You can stare at or redraw the pathway for glycolysis to memorize it, but obtaining a deeper understanding of cellular and tissue metabolism requires an understanding of the regulatory mechanisms governing glycolysis. Below you can find a figure of the steps for glycolysis as a reference as we discuss the regulation.
There are two major phases of glycolysis, which are often referred to as the preparatory phase (requires the investment of 2 ATP), and the payoff phase (yields 4 ATP), with a net gain of 2 ATP. Let’s put ourselves in the shoes of nature and ask if we were to regulate glycolysis, at what step should we do so?
Early in the pathway
If we regulate a pathway early, we can avoid unnecessarily investing energy in the preparatory phase. If we, for example, regulate the enzyme aldolase that catalyzes step 4 (a later step), then we would have invested two ATP molecules with no return, which would be wasteful for the cell. What if, instead, we negatively regulated hexokinase during energy sufficiency to prevent any consumption of ATP? It seems simplest to target the first step, but there are indeed more factors to consider.
Unique to the pathway
We also want to regulate a unique pathway to prevent negatively impacting other pathways. For instance, during energy sufficiency, a cell may want to store its free glucose in reserves. Cells can store their glucose in the form of glycogen, however, one of the initial substrates for glycogen synthesis is glucose 6-phosphate. I hope you can begin to see the problem with regulating hexokinase for glycolysis regulation. During energy sufficiency, we would aim to reduce the rate of glycolysis while also storing our nutrients for later use. By inhibiting hexokinase, we accomplish the goal of slowing down glycolysis, but we do so at the cost of glycogen synthesis (as well as other pathways such as the pentose phosphate pathway, which is important for nucleotide synthesis).

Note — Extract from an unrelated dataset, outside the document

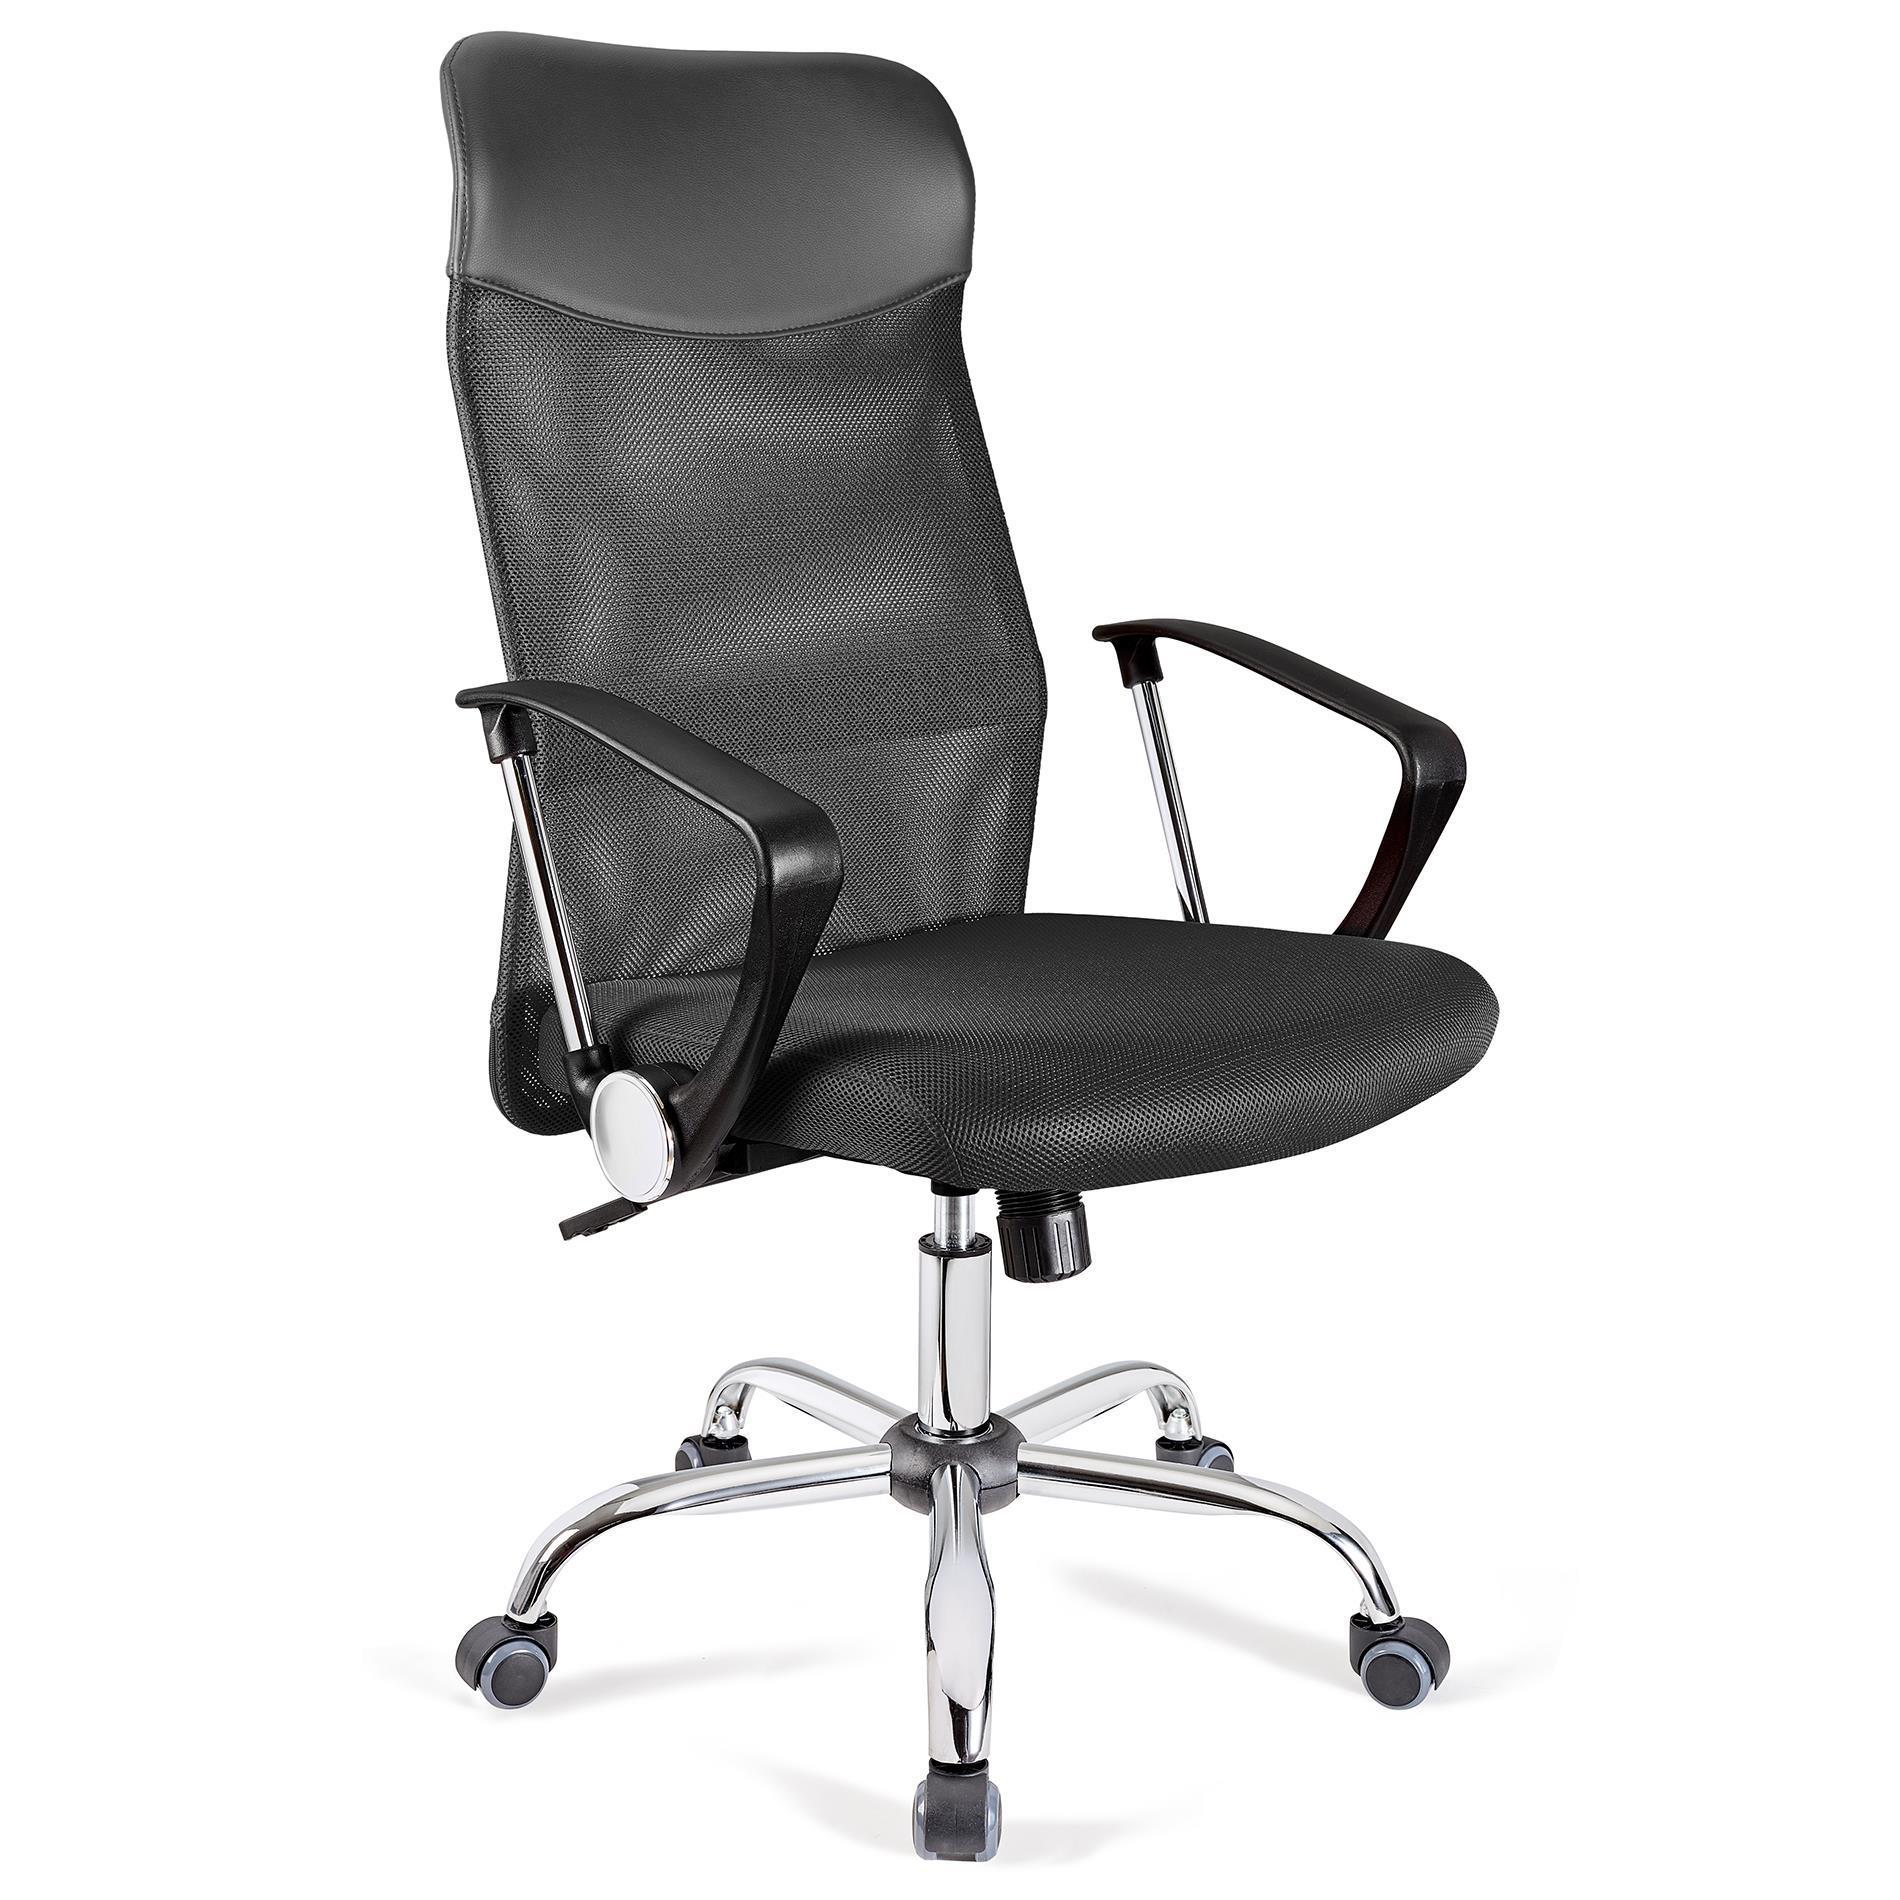 Sedia ufficio aspen rete traspirante e sedile imbottito for Sedia ufficio alta

Pathways often include steps that release a large quantity of free energy, making those steps irreversible. Once an irreversible step is completed, the cell has, in some ways, committed to that pathway. When regulating a pathway, then, it is useful to consider where these large releases of free energy are, and if we can target these irreversible steps. When we look at these three characteristics, we begin to understand why nature “chose” phosphofructokinase-1 (PFK-1) as an important regulatory step of glycolysis. It is early enough to prevent wasting a second ATP molecule (step 3), it is unique to the pathway, and it catalyzes an irreversible step in glycolysis.
Molecules that regulate PFK-1
Consequently, we next ask what molecules could regulate PFK-1? ATP, AMP, ADP, citrate, and fructose 2,6 bisphosphate regulate PFK-1 activity but are they stimulatory or inhibitory? If we think about the end goals of glycolysis, we can find the answer to this question. ATP is one of the products of glycolysis, and when there are sufficient amounts of ATP, we may not need rapid glycolysis; ATP can negatively regulate PFK-1 activity. Essentially, ATP tells PFK-1, “hey we have enough energy you can rest.” Conversely, ATP’s energy can be utilized with the release of AMP and ADP and therefore, high concentrations of ADP or AMP are indicative of less energy available. Naturally, AMP and ADP stimulate PFK-1 activity – ‘hey, we need to produce more energy!’ Citrate’s regulatory role can seem confusing at first, but if we break down the steps it becomes clearer. When oxygen is available, the final product of glycolysis, pyruvate, can travel to the mitochondria and be converted to Acetyl-CoA. Here it will react with oxaloacetate to form citrate, which then proceeds through the citric acid cycle. If there are higher levels of citrate, it indicates that more acetyl-CoA, and therefore, pyruvate, is available indicating a high rate of glycolysis. However, if citrate is not being consumed as quickly as it is produced then the rate of the citric acid cycle is slower than that of glycolysis. Accordingly, citrate negatively regulates PFK-1 to allow the citric acid cycle to catch up. Fructose 2,6-bisphosphate stimulates PFK-1 but is outside the scope of this walkthrough (regulated by insulin, glucagon, and other molecules).
I hope this modest explanation has helped you understand glycolysis regulation. More importantly, I hope it has helped you realize that, as you make your way through biochemistry (and further into your scientific endeavors), it is equally as important that you learn to question each pathway you learn – in your studying, mutate each enzyme, and walk through the ramifications on not only that pathway, but any other related ones. Consider interactions between pathways and their products, and how a single mutation can reverberate through many biological processes. Human diseases often arise this way – this exercise is not only useful for your coursework, but if you happen to have aspirations beyond completing your biology or biochemistry course, the mindset you cultivate can allow you to excel in medicine, research, and so many other fields.